In 2010, MacDonald playing third for Robert Campbell (skip), Robbie Doherty (second) and Jackie Reid (lead), would win the Prince Edward Island provincial mixed championship. The team advance to the 2011 Canadian Mixed Curling Championship, where they would finish with a 10–1 record, and advance to the final. They would play Manitoba in the final, where they would win the Canadian Mixed Championship. MacDonald and Campbell would advance to the 2011 World Mixed Doubles Curling Championship where they would finish with a 4–3 record, failing to qualify for the playoffs.

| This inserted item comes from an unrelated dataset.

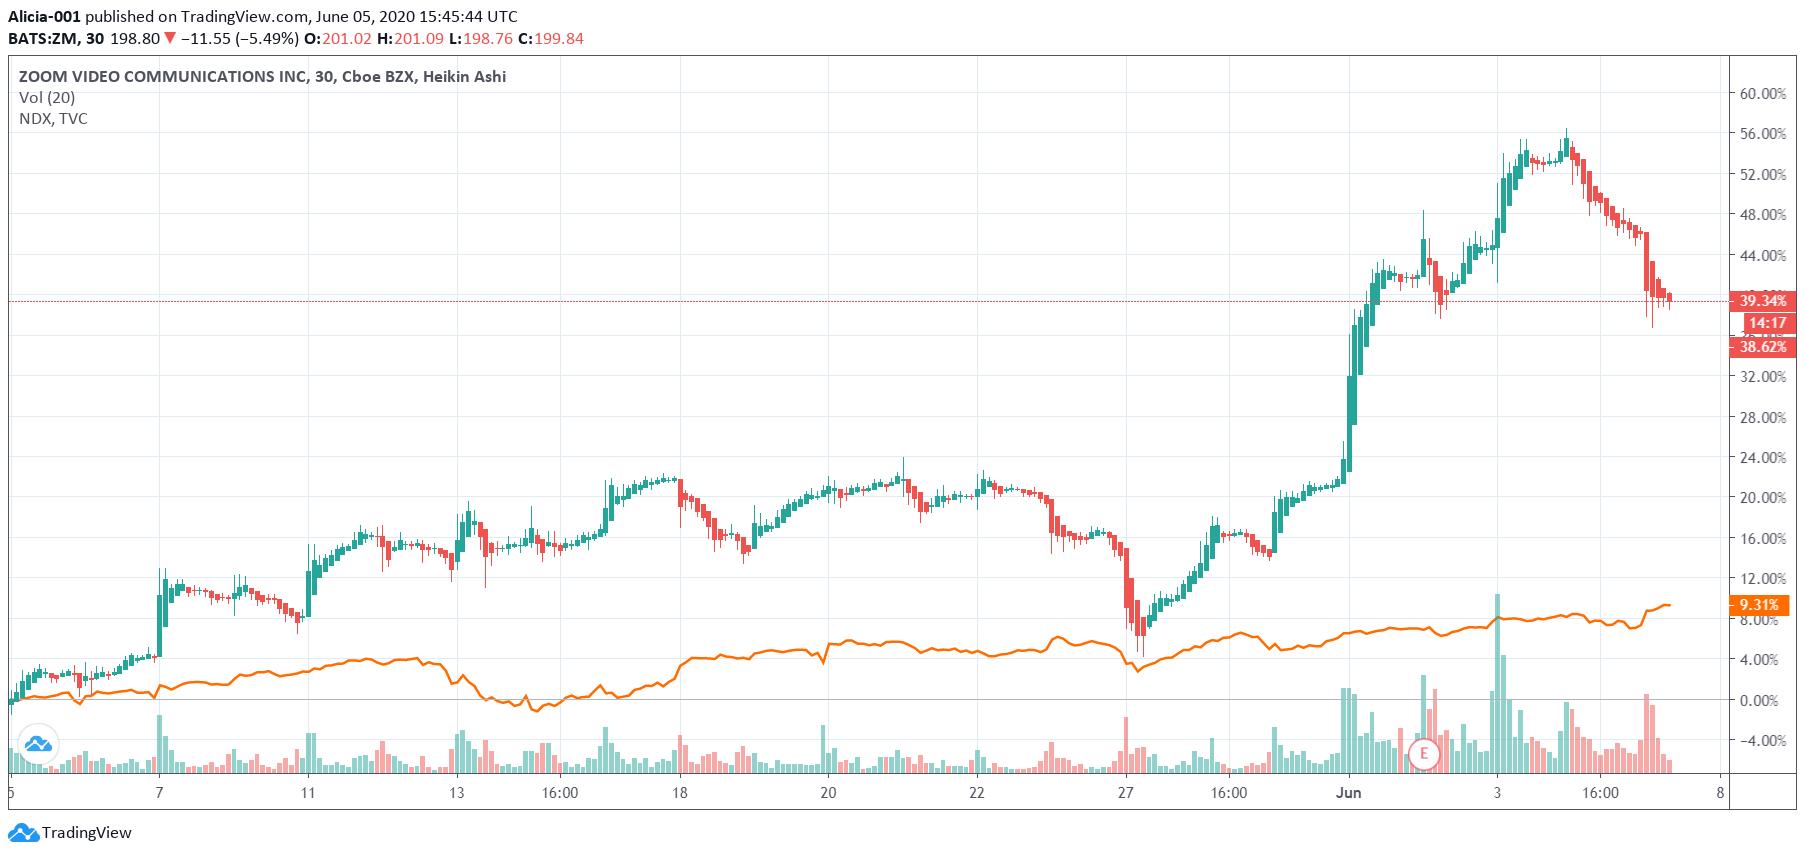 株価 掲示板 ズーム

At the 2012 Prince Edward Island Scotties Tournament of Hearts, MacDonald, along with Dolan, would win the provincial championship. She would defeat defending campion Suzanne Birt in round robin, three time junior champion Sarah Fullerton in the semi-final and four time junior champion Meaghan Hughes in the final. MacDonald and team would finish round robin with a 3–8 record at the 2012 Scotties Tournament of Hearts. Dolan and lead Nancy Cameron, both announced their retirement from the game, leaving MacDonald looking for a new team. Although her sister Robyn as decided to take a year off from curling, MacDonald noted she really enjoys playing with her and would like to do so again in the future.

MacDonald would win her second Prince Edward Island provincial mixed championship in March 2012. Playing third for Robert Campbell (skip), along with Robbie Doherty (second) and Jackie Reid (lead), the team would win their second provincial in two years and will compete at the 2013 Canadian Mixed Curling Championship.

==Personal life==
MacDonald was married in the summer of 2010. She has one child. She works as a pediatric nurse at Queen Elizabeth Hospital.